The point here is this: good photography can come from virtually any context. Our examples here go to show, good photographers can make a lot out of a little.
Which is a bit of a double-edged sword argument to make, because it implies there is no excuse for not having a strong portfolio (unless you’re just not that great of a photographer). Just because you haven’t travelled or documented some world event, doesn’t mean you can’t be taking good photos – it might just mean you’re looking in the wrong places.
Now, just as important as it is to have good work, it’s equally important showcasing that good work professionally. People need to see the work you’ve created after all. These days that means having a professional portfolio website. You can find help with that here.
4. Having a strong network
Of all our points addressed, this one is going to be the most nuanced. It’s one of these realities we all know about, but forget to talk about. Usually that’s because there is really no cookie cutter formula for how you do it.
Let us point out: having a strong network is important to succeeding in any discipline, not just photography.

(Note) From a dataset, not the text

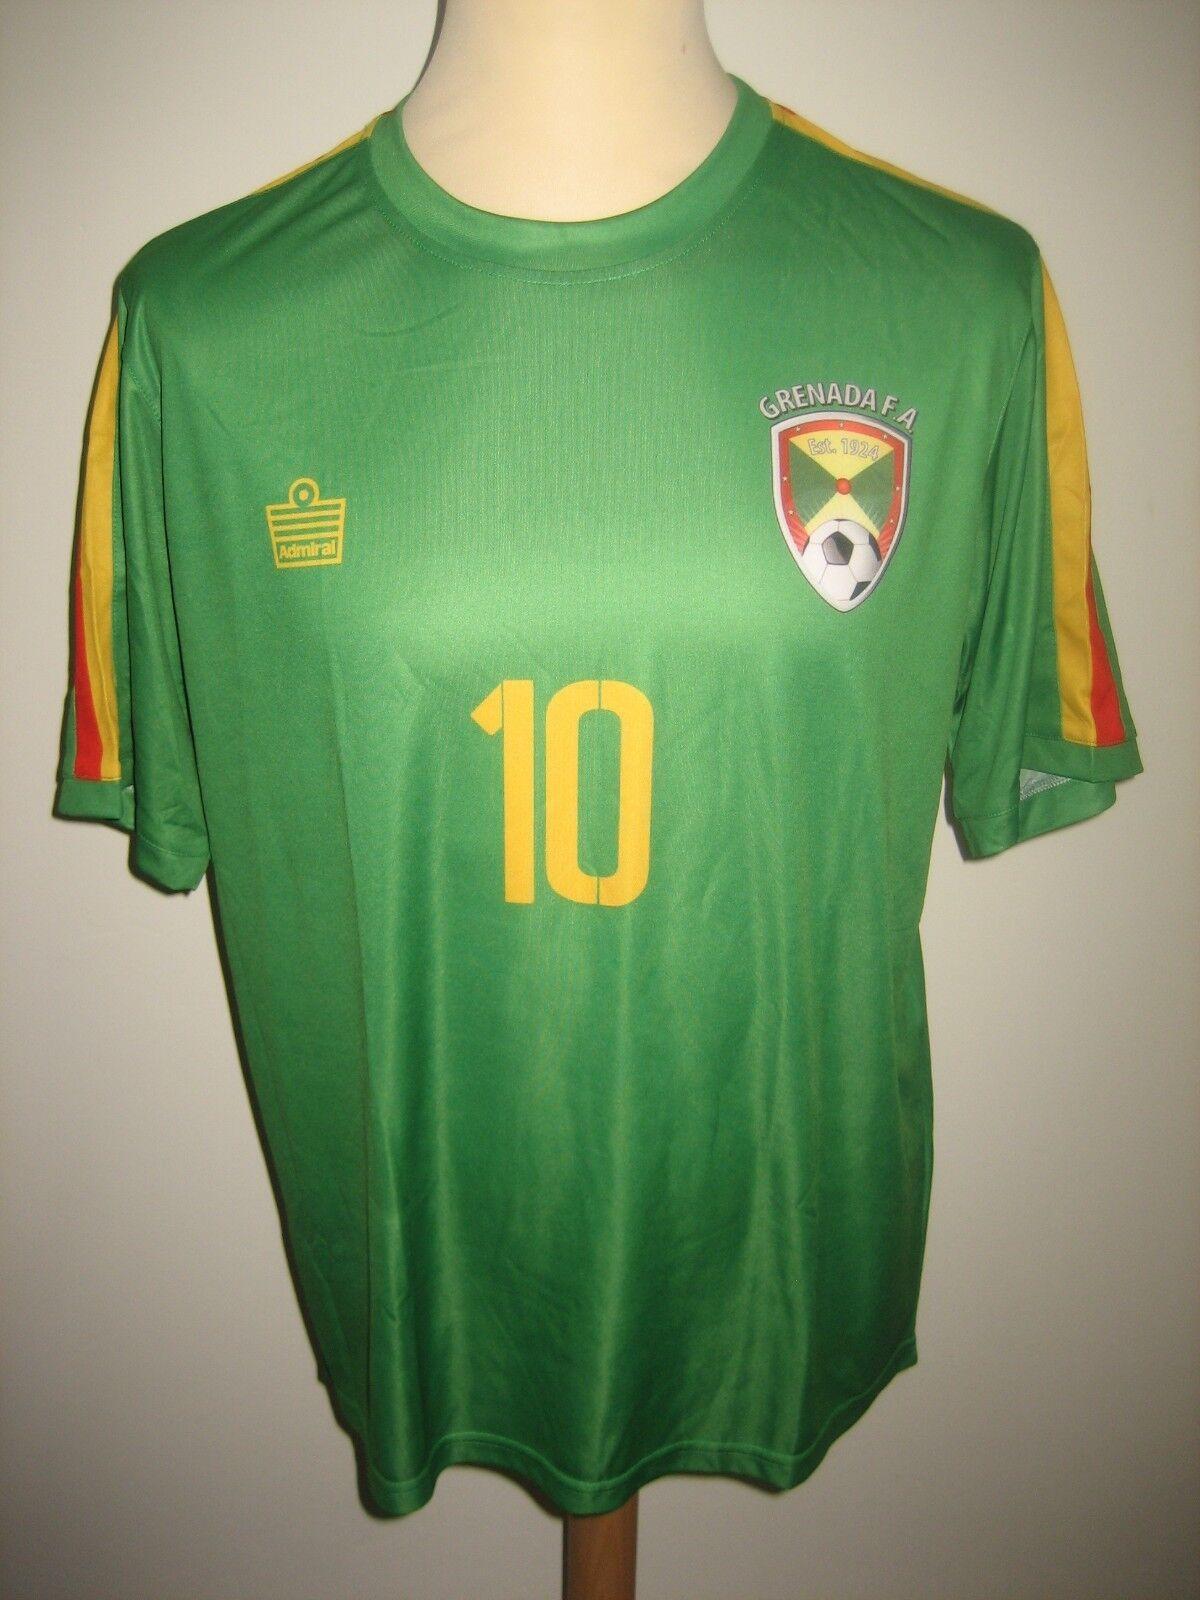 Grenada FA Number 10 footbtutti shirt soccer soccer soccer jersey camiseta maillot trikot Dimensione M 2b8

This is something we talk about in our article: how to start your photography business in 8 steps. That, your people skills are going to be almost as important as your photography skills.
We understand this de-emphasizes the value of ones professional photographic experience and portfolio, but in reality, all these factors go hand in hand. You’re unlikely to build a strong network in the photography industry without being capable of doing good work.
Philippe Halsman – At the age of 24 fled to France and began working for Vogue magazine where he developed a powerful reputation as one of the best portrait photographers in France. When Germany invaded, he secured a visa to escape to the US thanks to family friend Albert Einstein (no joke). Later on in his career he met surrealist artist Salvador Dalí and became good friends with him, collaborating together to produce several compendiums of work.
Henri Cartier-Bresson – Considered an all-time great photographer and sometimes dubbed the ‘father of street photography’ was also the co-founder of world renowned photo institution Magnum photos. His co-founders? Two friends he met when he was 26 years old, David Seymour and Robert Capa. Go figure.
The point here is this: succeeding in photography, as in other disciplines, is very much about who you know. Thus, in the context of being considered a ‘qualified photographer’ this can be as simple as having the right recommendation or referral from the right person.
These recommendations and referrals from decision makers can carry all the weight in landing you a given photographic job/project/opportunity. Sometimes a ‘less qualified’ photographer might earn an opportunity over a more qualified one simply because they were better acquainted. Life isn’t always fair in this way, but that isn’t to say there’s nothing you can do about it…
First and foremost, build a strong reputation. This is usually done by consistently delivering high quality work or by being extremely easy to work with.
Next, network and make friends. You’ll never build a strong network without meeting others, discussing your work and theirs, and putting yourself out there. You can start with something as simple as joining Facebook groups of other photographers.
Third, no one we knew ever grew their network by being disliked. If you’re being personable and genuine and aren’t burning bridges with people everywhere you go, there’s a very good chance you’ll begin making friends in no time.
In conclusion, just as we had started off by saying in the beginning, an education in photography is not going to be determinant for doing good photographic work. Having said that, learning photography fundamentals is going to be integral to your development as a photographer. Good work, in turn, will help build your reputation, grow your network and enhance your ‘qualifications’ as a professional photographer.